In this case, to define a soft set means to point out expensive houses, beautiful houses, and so on. It is worth noting that the sets F (ϵ) may be empty for some ϵ ∈ K.

(2) [20] Suppose A is a fuzzy set of the universe X. Take the parameter set K = [0, 1], and define the mapping $F : K ⟶ P (X)$ as follows: $F (α) = {x \in X | A (x) \geq α}, α \in [0, 1] .$

In other words, F (α) is α-level set of A.

According to this manner and by using the decomposition theorem of fuzzy sets, we see that a fuzzy set can be uniquely represented as a soft set.

For two soft sets (F, K) and (G, B) over a common universe X, we say that (F, A) is a soft subset of (G, B) and write (F, A) ⊑ (G, B) if

(i) A ⊂ B, and

(ii) For each a ∈ A, F (a) ⊆ G (a).

Union of two soft sets (F, A) and (G, B) over a common universe X is the soft set (H, C), where C = A ∪ B and for all c ∈ C

$H (c) = {\begin{matrix} F (c), & if c \in A - B \\ G (c), & if c \in B - A \\ F (c) \cup G (c), & if c \in A \cap B . \end{matrix}$ We write (F, A) ⊔ (G, B) = (H, C).

Also, intersection of two soft sets (F, A) and (G, B) over a common universe X is the soft set (H, C), where C = A ∩ B and H (c) = F (c) ∩ G (c), for all c ∈ C.

We write (F, A) ⊓ (G, B) = (H, C).

If (F, A) and (G, B) are two soft sets, then (F, A) AND (G, B) is denoted by (F, A) ∧ (G, B) and it is defined as (H, A × B) where H (a, b) = F (a) ∩ G (b), for all (a, b) ∈ A × B.

[21] Let I denote the unite real inerval [0, 1]. Denote the set of all fuzzy sets on X by I^X, that is the set of all functions from X into I. For μ, ν ∈ I^X we say that μ is contained in ν and we write μ ⊆ ν if μ (x) ≤ ν (x), for all x ∈ X. For μ, ν ∈ I^X, the intersection and union, μ ∪ ν, μ ∩ ν ∈ I^X are defined by $\begin{matrix} (μ \cup ν) (x) & = μ (x) \lor ν (x) and \\ (μ \cap ν) (x) = μ (x) \land ν (x), for all x \in X . \end{matrix}$

Also for μ ∈ L^X, a ∈ I, μ_a is defined by

$μ_{a} = {x \in M | μ (x) \geq a},$

μ_a is called a-cut or (a-level subset) of μ.

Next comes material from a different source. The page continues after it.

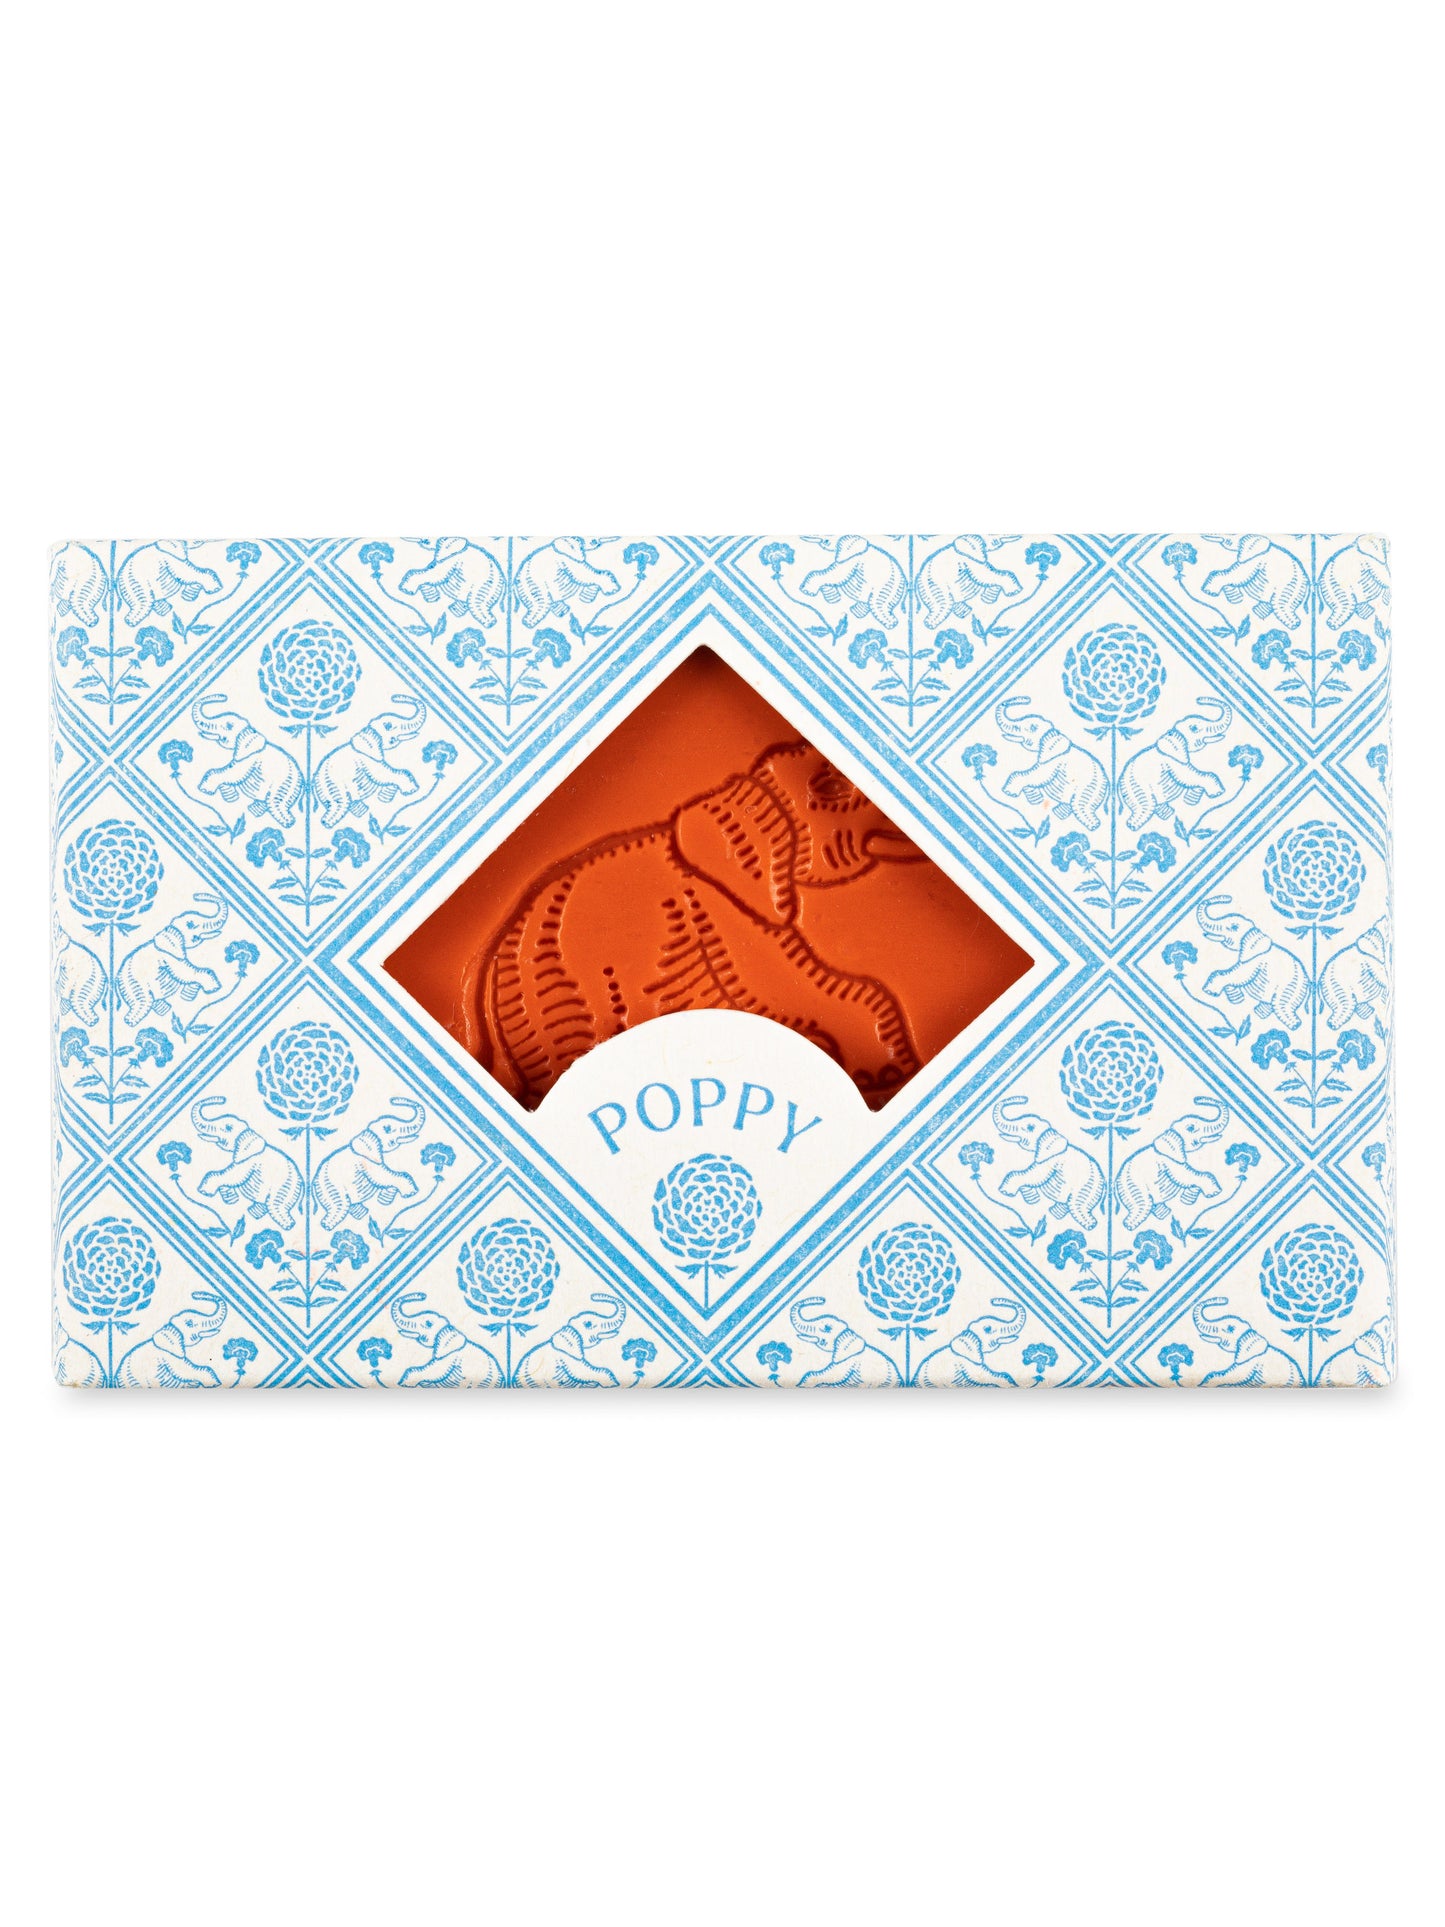 L'éléphant Poppy Soap

Let K be a set of parameters and A ⊂ K. A pair (μ, A) is called a fuzzy soft set over X, where μ is a mapping from A into I^X. That is, for each a ∈ A, μ (a) = μ_a : X ⟶ I, is a fuzzy set on X.

Definition 2.2. [18] For two fuzzy soft sets (μ, A) and (ϑ, B) over a common universe X, we say that (μ, A) is a fuzzy soft subset of (ϑ, B) and write (μ, A) ⊑ (ϑ, B) if

(i) A ⊂ B, and

(ii) For each a ∈ A, μ_a ≤ ϑ_a i.e μ_a is a fuzzy subset of ϑ_a.

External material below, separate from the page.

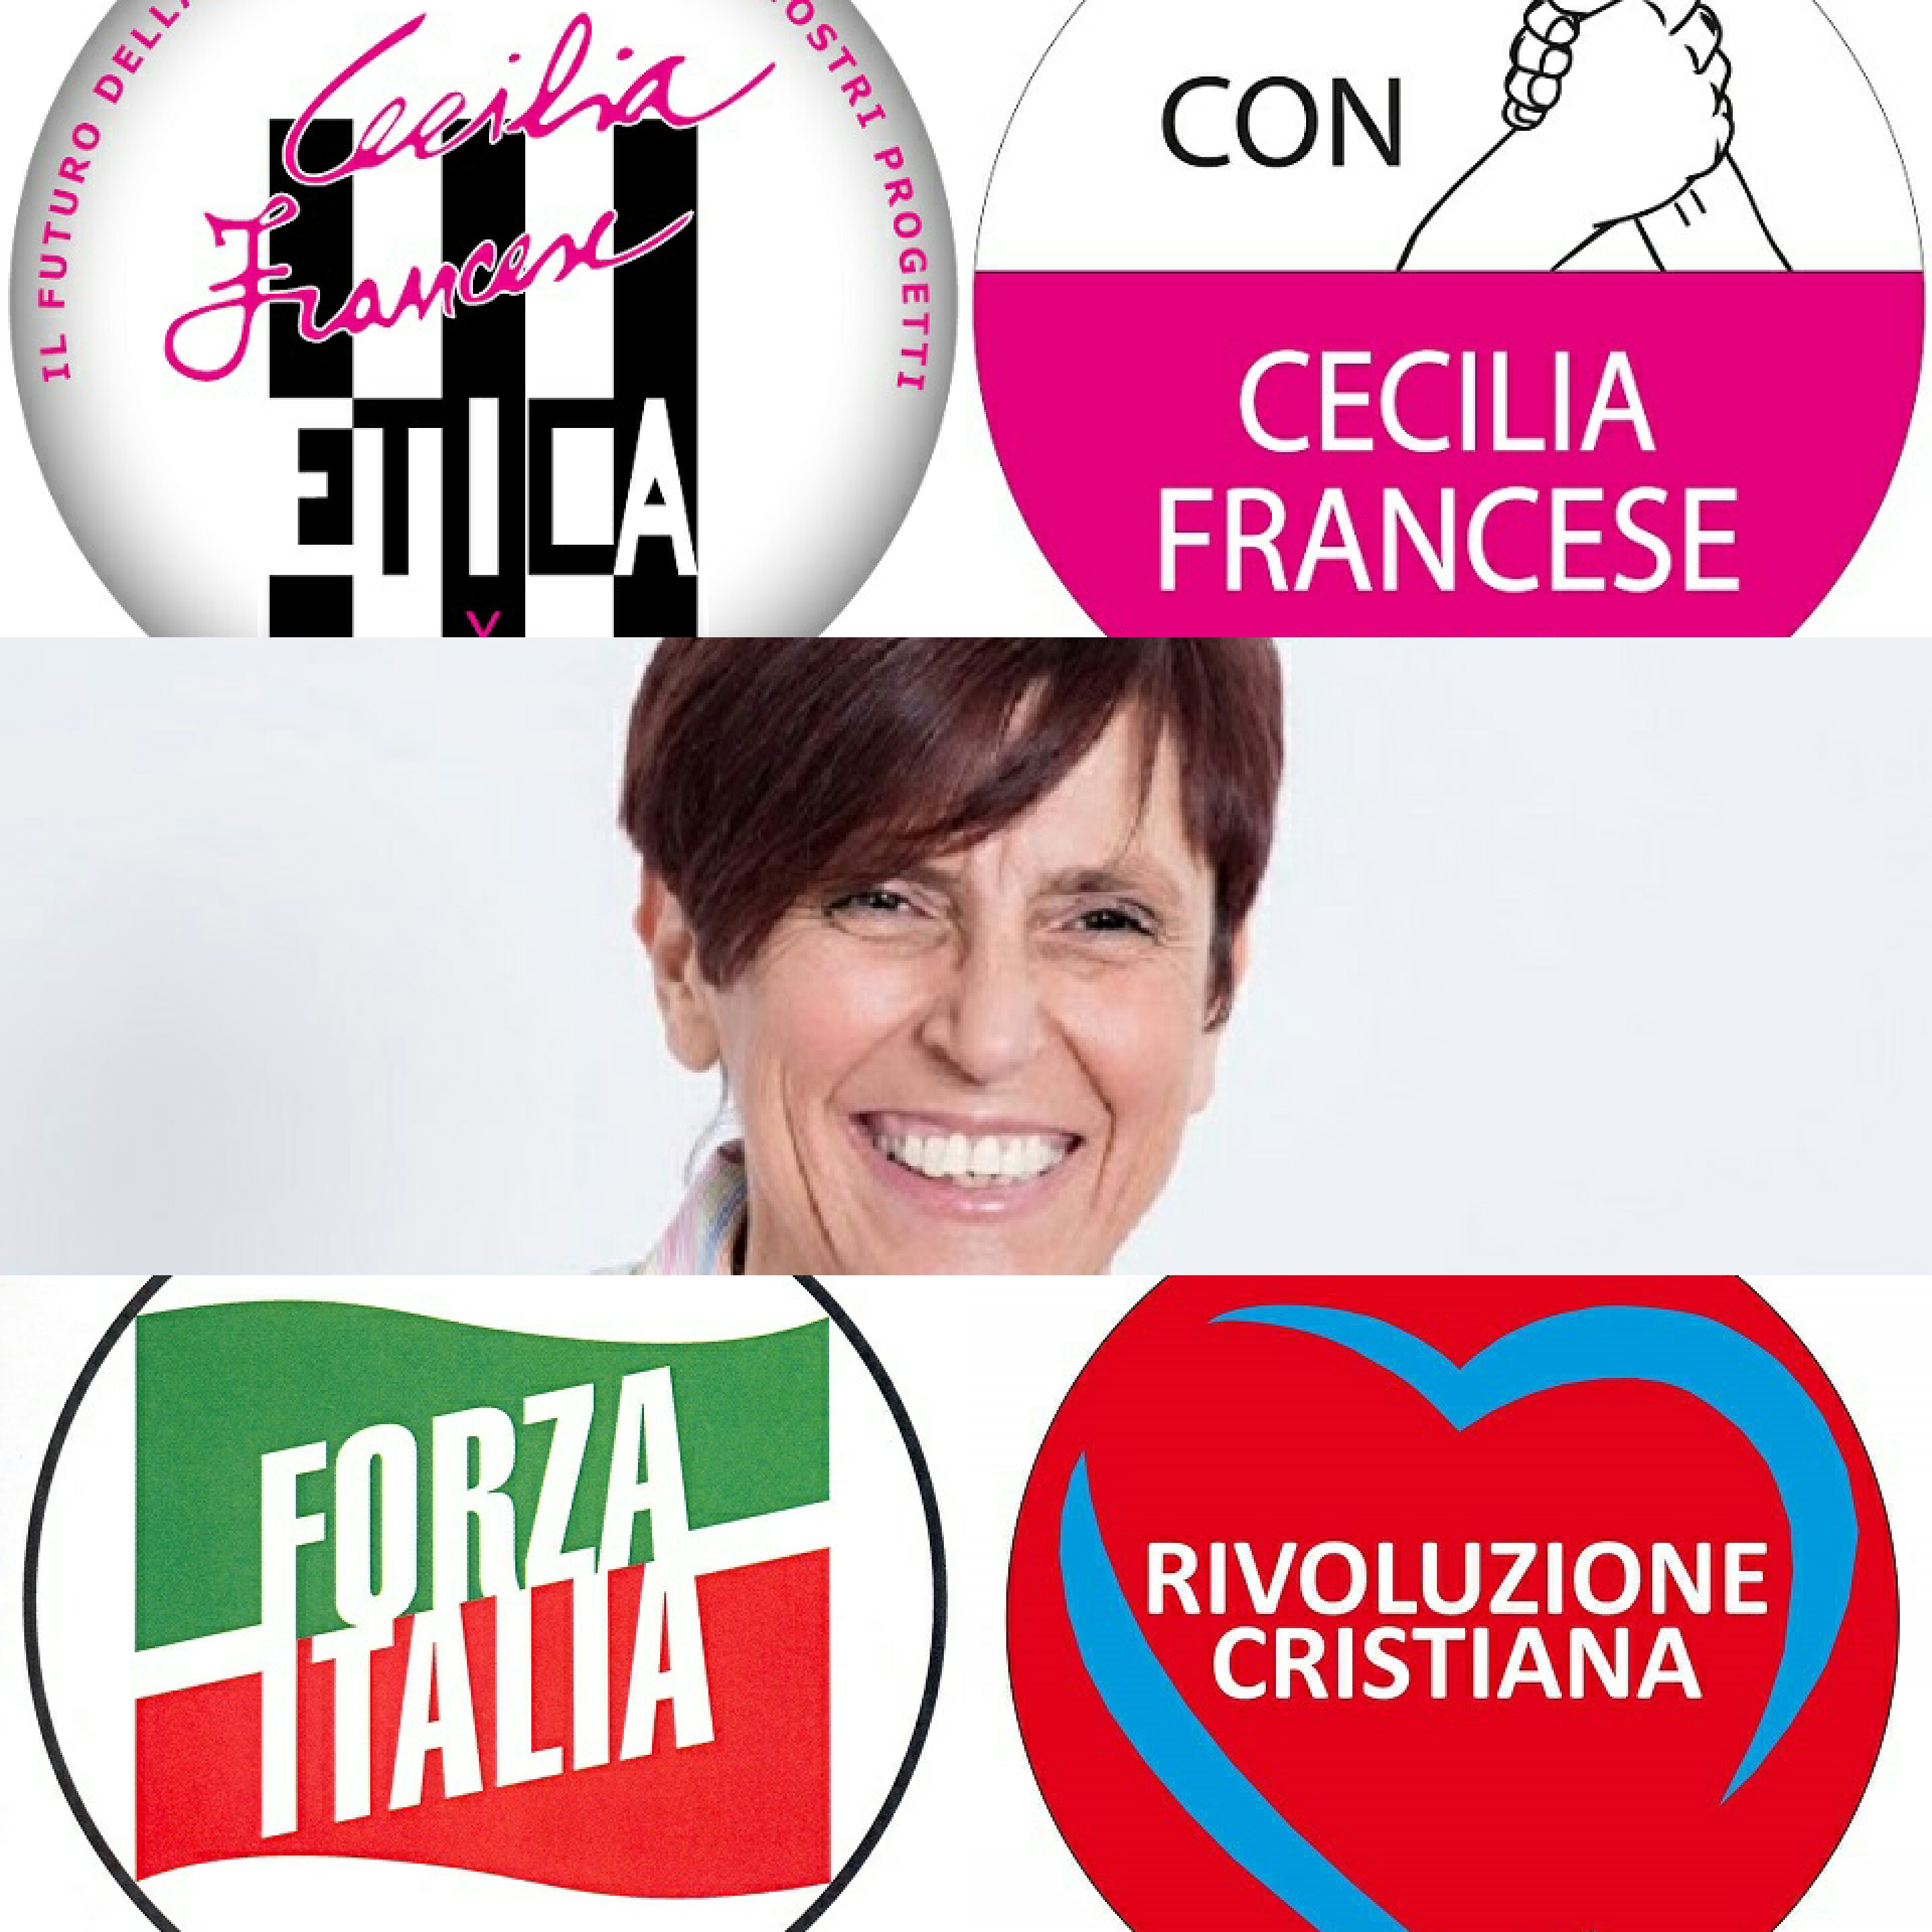 Cecilia Francese-Etica-FI-Rivoluzione Cristiana-Con Cecilia Francese sindaco

Definition 2.3. [18] Union of two fuzzy soft sets (μ, A) and (ϑ, B) over a common universe X is the fuzzy soft set (γ, C), where C = A ∪ B and for all c ∈ C $γ (c) = {\begin{matrix} μ_{c}, & if c \in A - B \\ ϑ_{c}, & if c \in B - A \\ μ_{c} \lor ϑ_{c}, & if c \in A \cap B . \end{matrix}$ We write (μ, A) ⊔ (ϑ, B) = (γ, C).

Definition 2.4. [18] Intersection of two fuzzy soft sets (μ, A) and (ϑ, B) over a common universe X is the fuzzy soft set (γ, C), where C = A ∩ B and γ_c = μ_c ∧ ϑ_c, for all c ∈ C.

We write (μ, A) ⊓ (ϑ, B) = (γ, C).

Definition 2.5. [18] If (μ, A) and (ϑ, B) are two fuzzy soft sets, then (μ, A) AND (ϑ, B) is denoted by (μ, A) ∧ (ϑ, B) = (γ, A × B) where γ (a, b) = γ_a,b = μ_a ∧ ϑ_b, for all (a, b) ∈ A × B.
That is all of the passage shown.